June 2025 performance-summary for EPFL-LAP/dynamatic: Delivered the core enhancement for MLIR Op Instantiation at the C-Level with multi-output support (CfToHandshake lowering). This includes lowering placeholder functions into multi-result handshake.instance ops, enabling richer MLIR workflows and more expressive IR transformations. A comprehensive documentation package was published detailing usage, conventions, pass logic, and a full end-to-end example. Automated tests were added to verify correct instantiation generation (inputs/outputs/rewiring) and ensure removal of unused function calls.
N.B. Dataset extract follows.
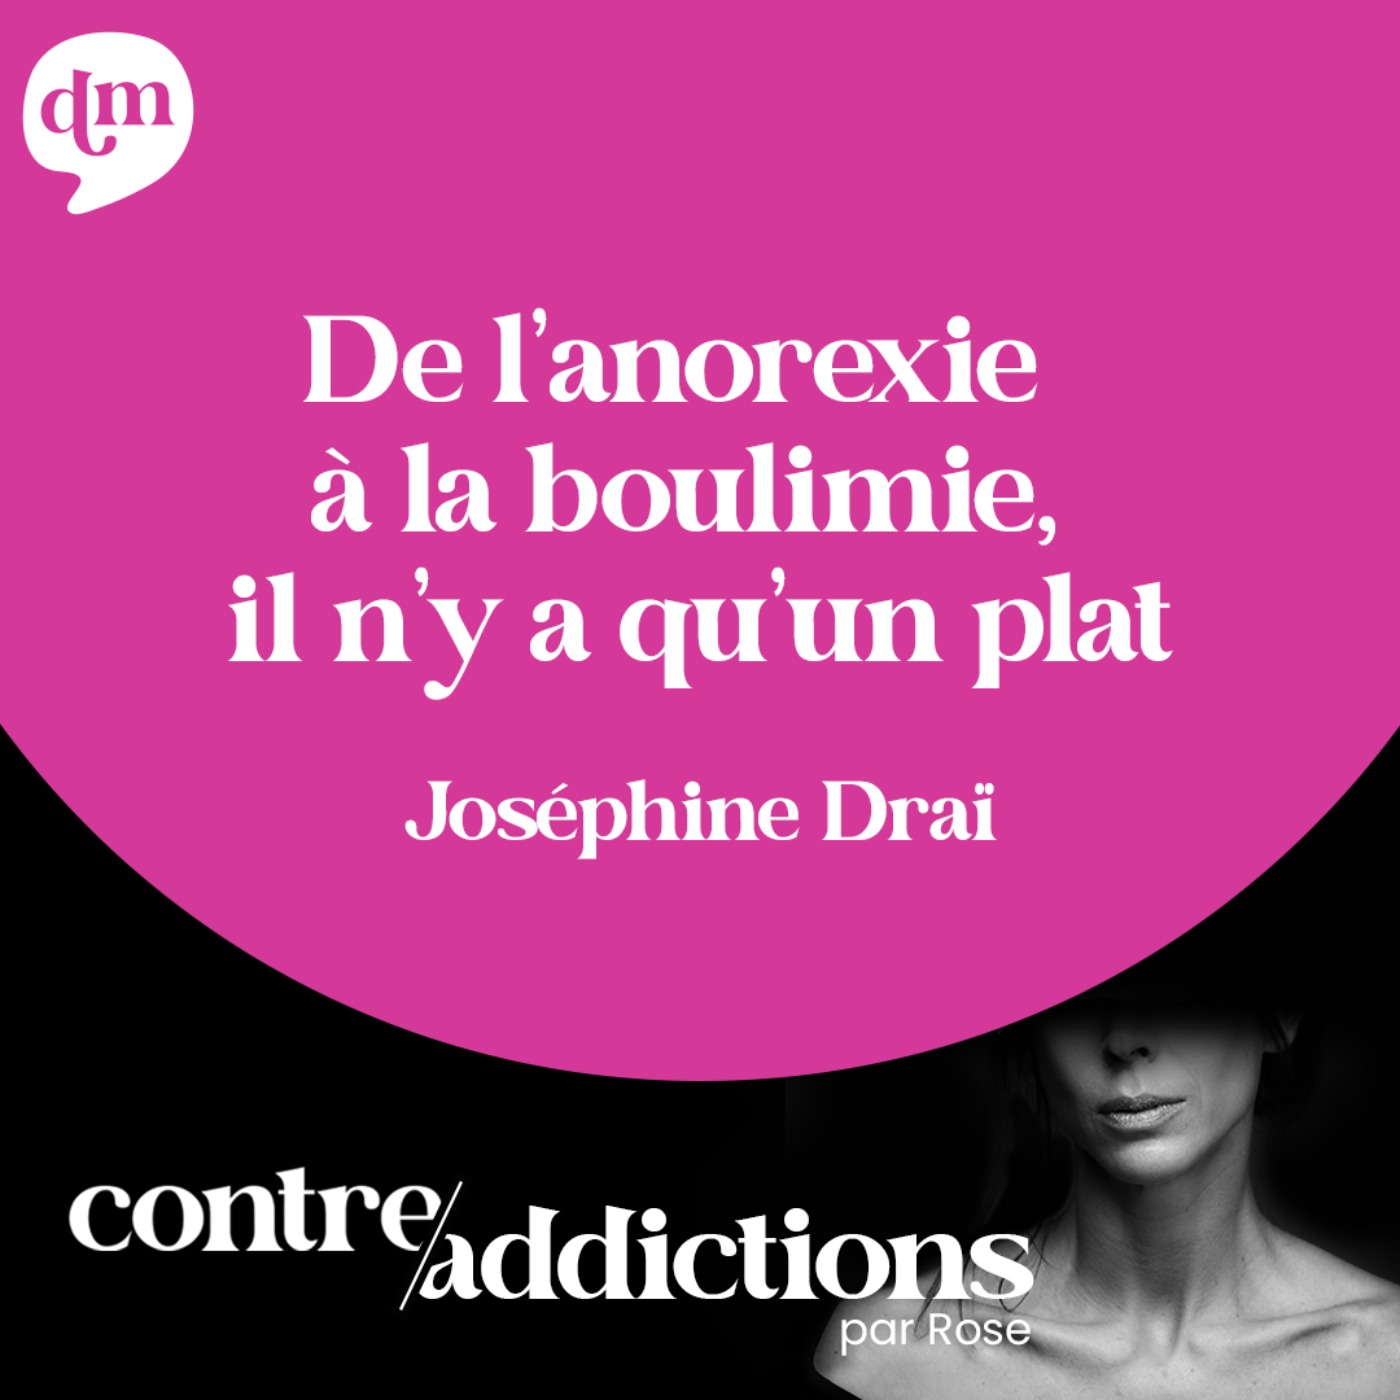 S2E16 - De l’anorexie à la boulimie, il n’y a pas qu’un plat - Josephine Draï

April 2025 monthly summary for EPFL-LAP/dynamatic: Delivered argument classification for the cf-to-handshake pass to support multi-output MLIR operations. Implemented classification logic that categorizes function arguments into inputs, outputs, and parameters, and mapped output arguments to their consuming operations, enabling correct propagation through the pipeline and paving the way for future multi-output support. This work enhances correctness, reduces downstream integration effort, and improves overall handshaking reliability.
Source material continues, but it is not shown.